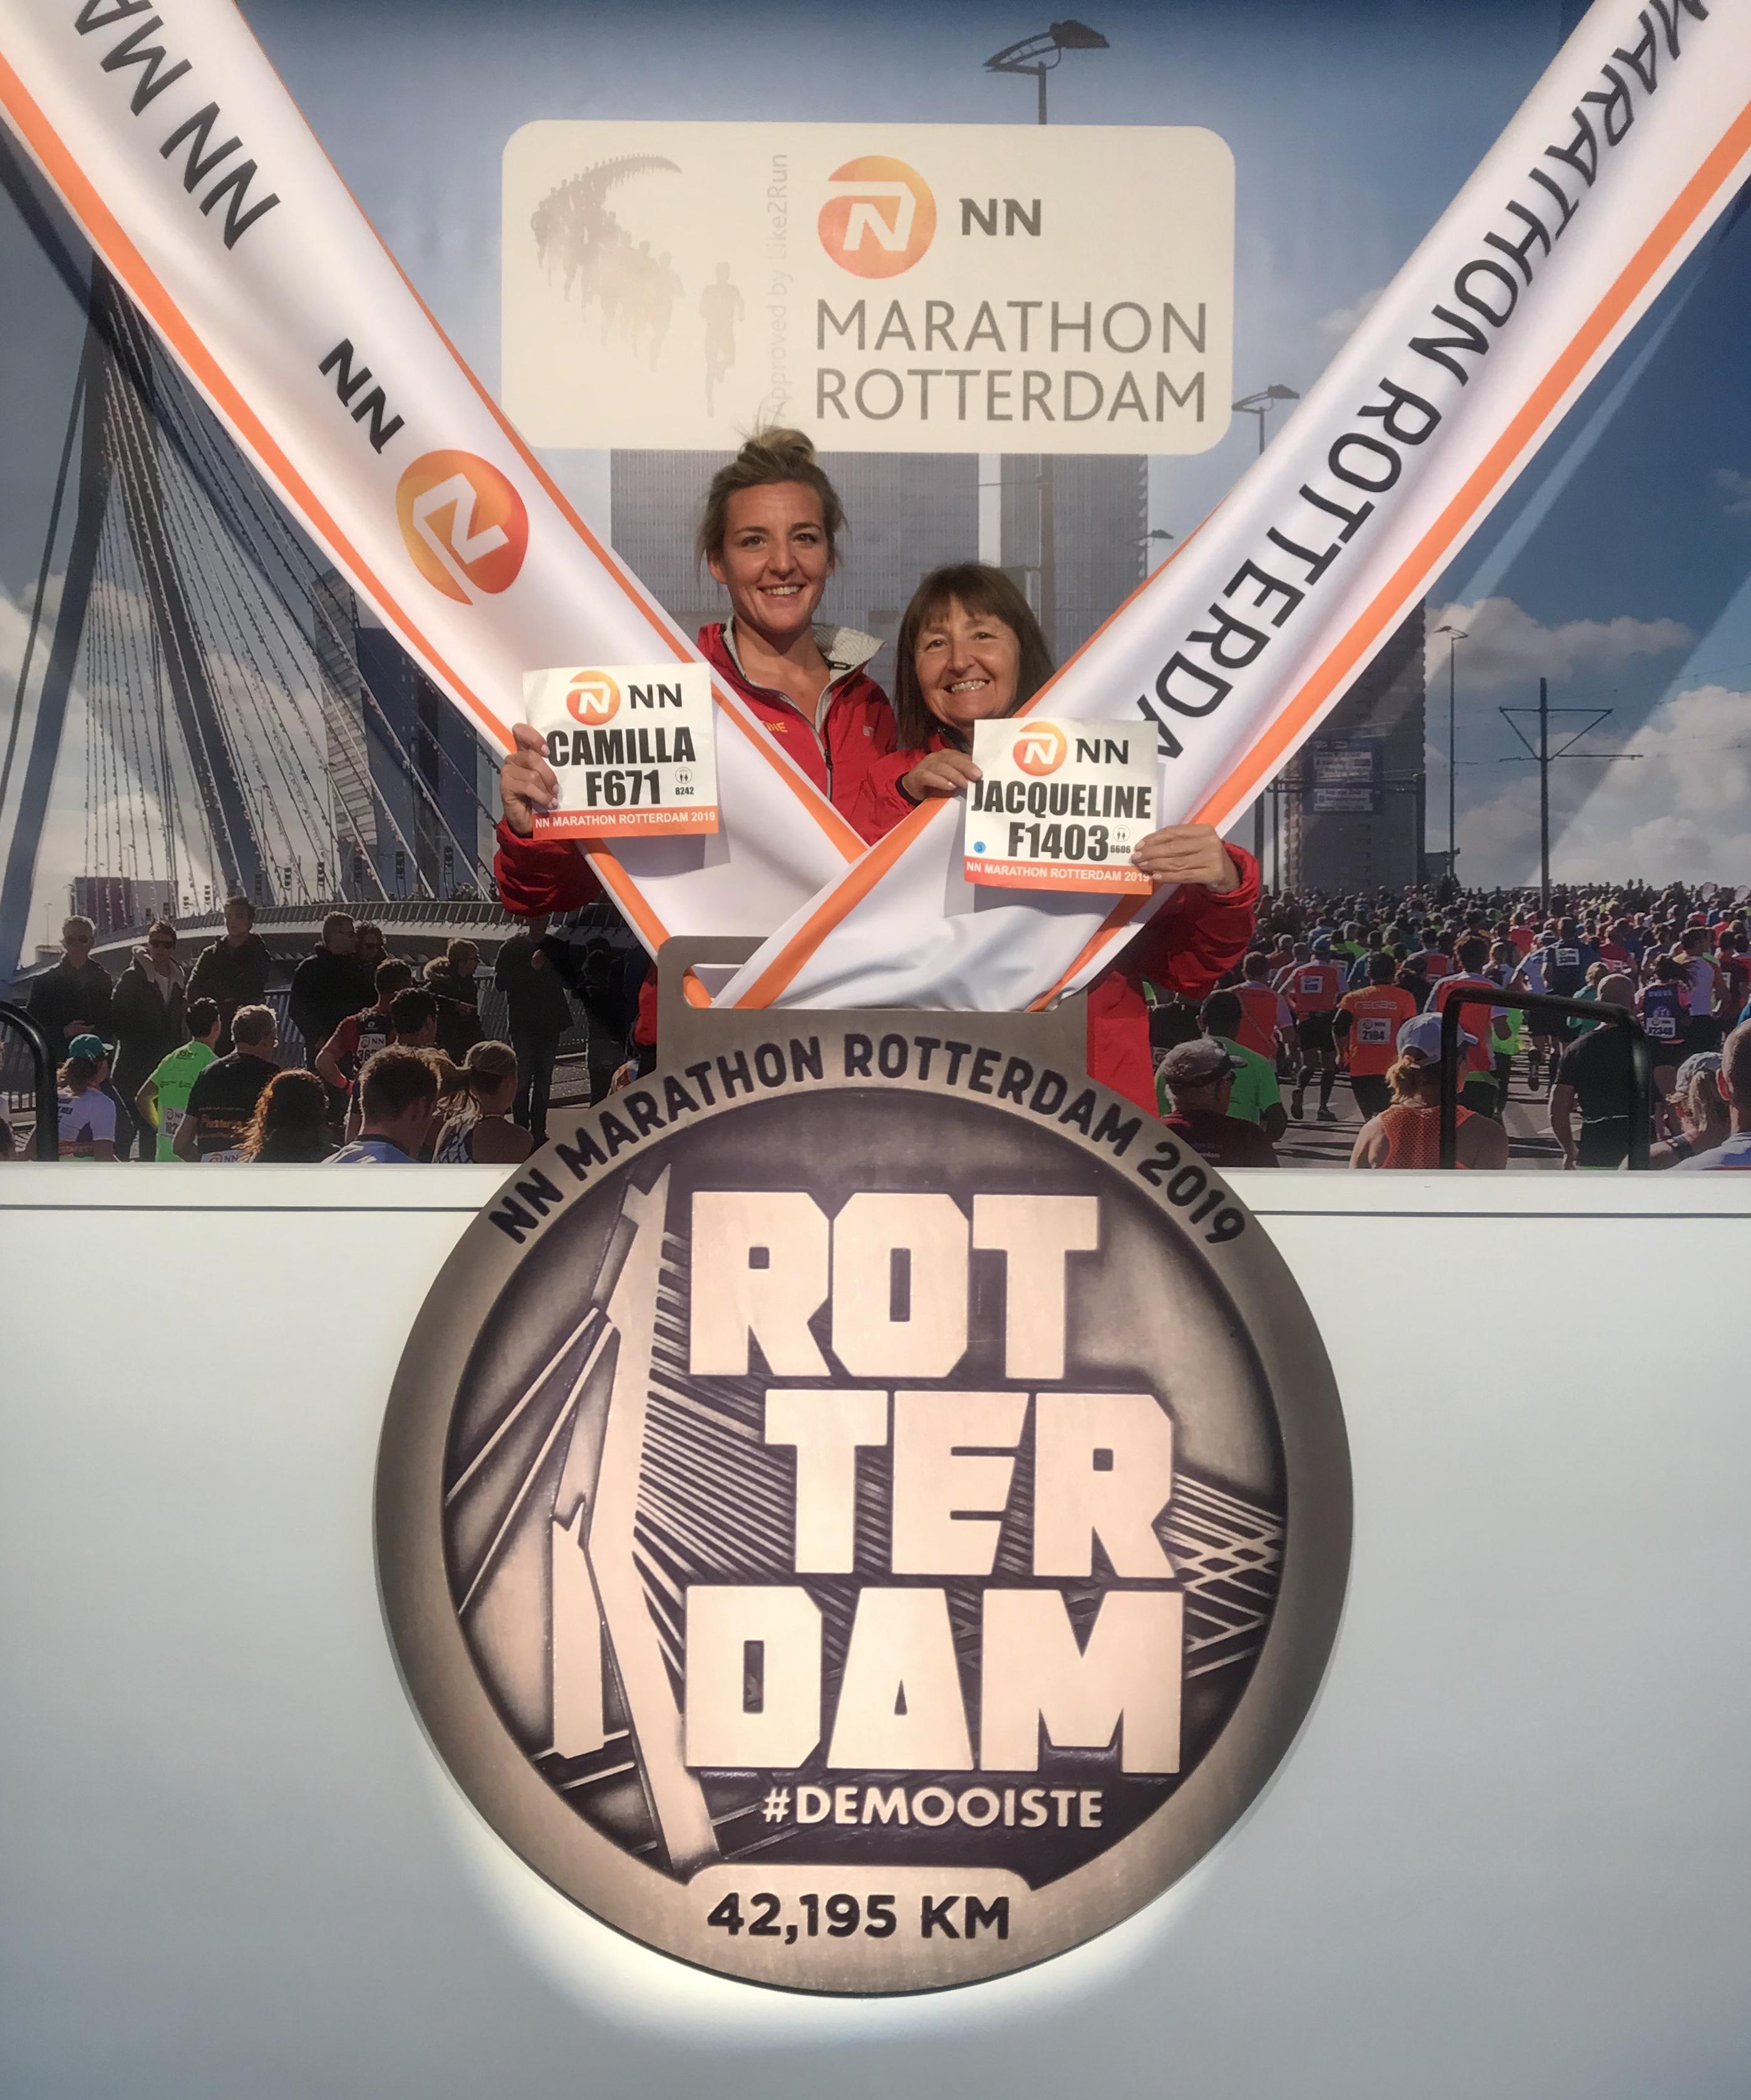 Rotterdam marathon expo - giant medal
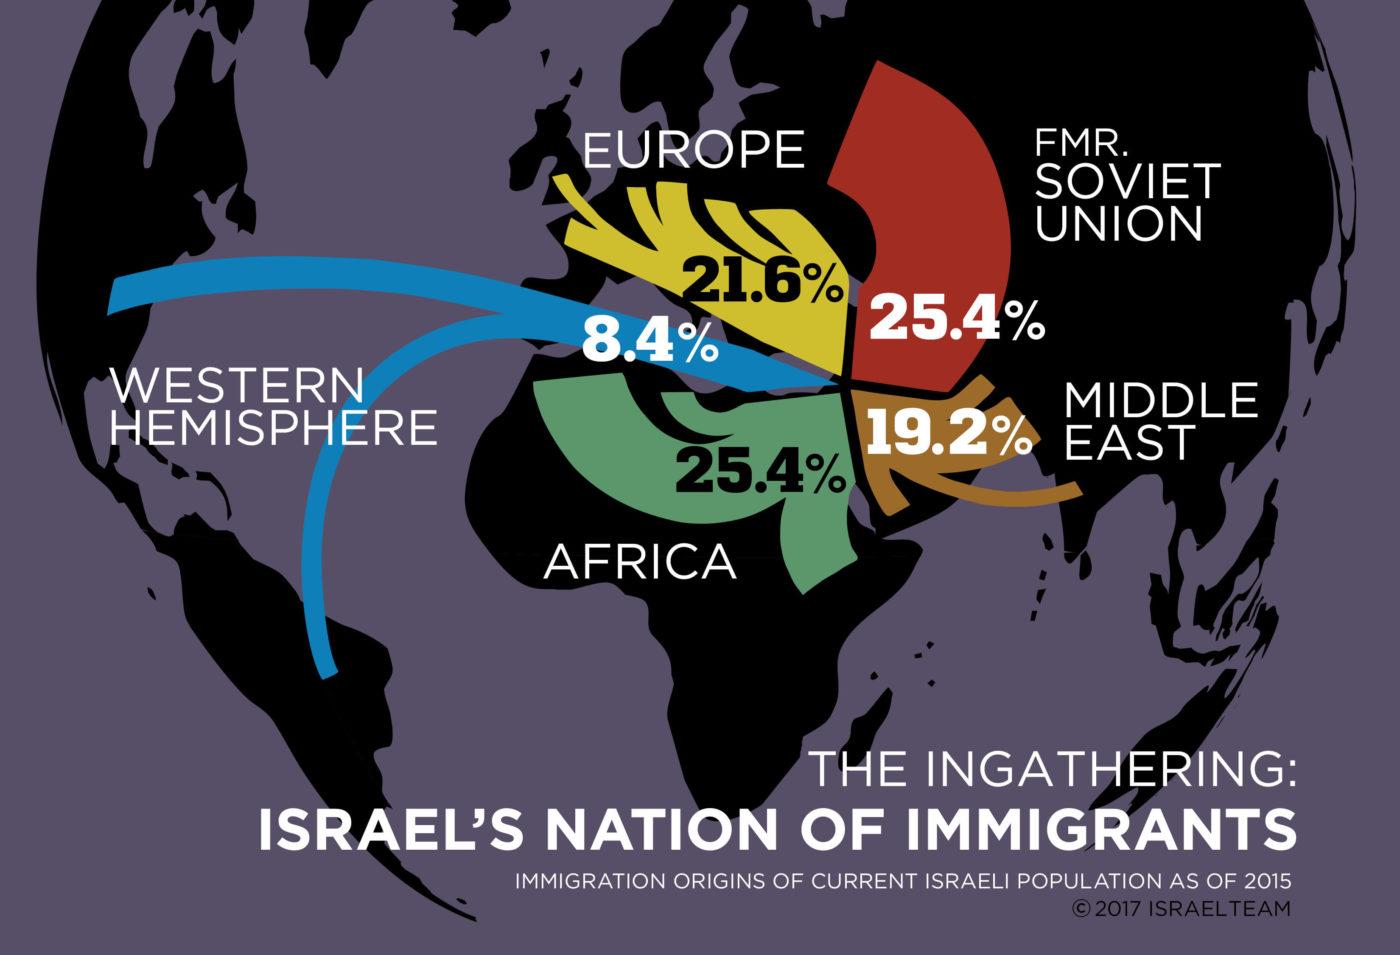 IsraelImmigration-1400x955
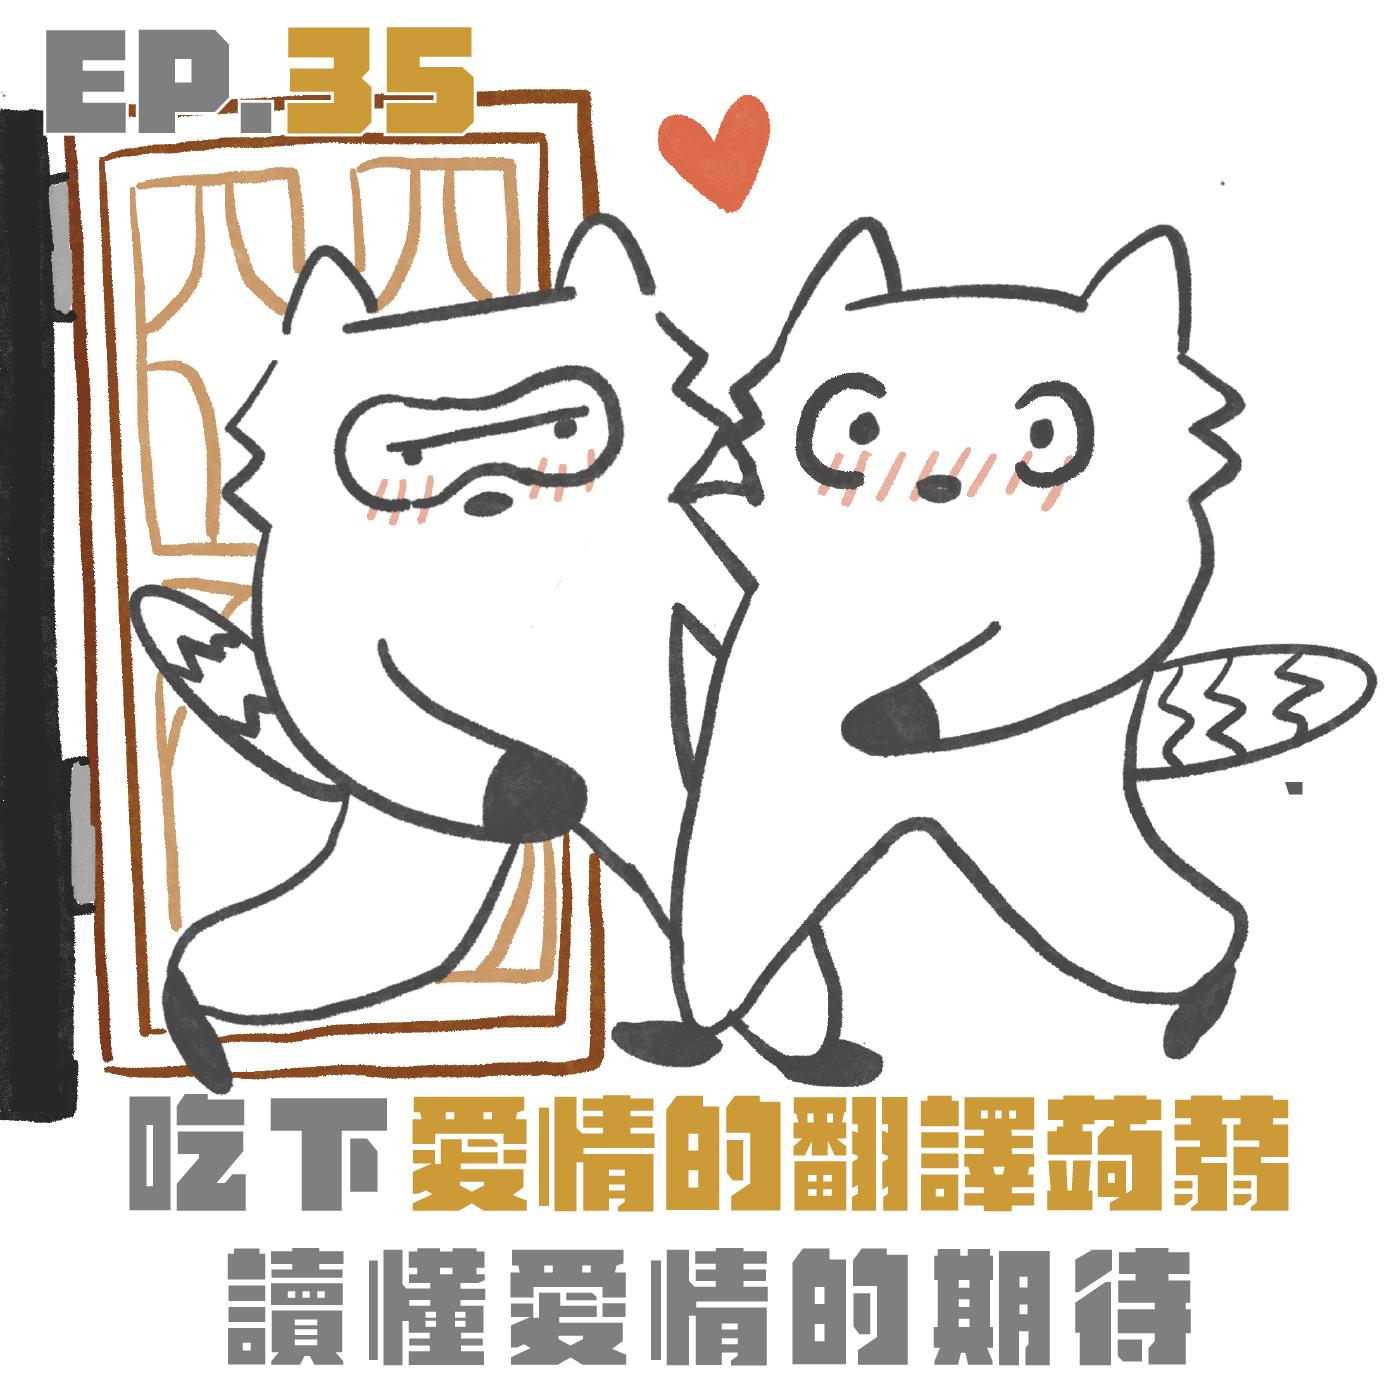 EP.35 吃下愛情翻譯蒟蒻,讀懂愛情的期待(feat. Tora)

========

▸ **The problem**
Copy only the lines running from the one that holds "IsraelImmigration-1400x955" through the last line of the data, and include both of those lines. Do not copy any pictures.

▸ **Answer to this problem**
 IsraelImmigration-1400x955
 EP.35 吃下愛情翻譯蒟蒻,讀懂愛情的期待(feat. Tora)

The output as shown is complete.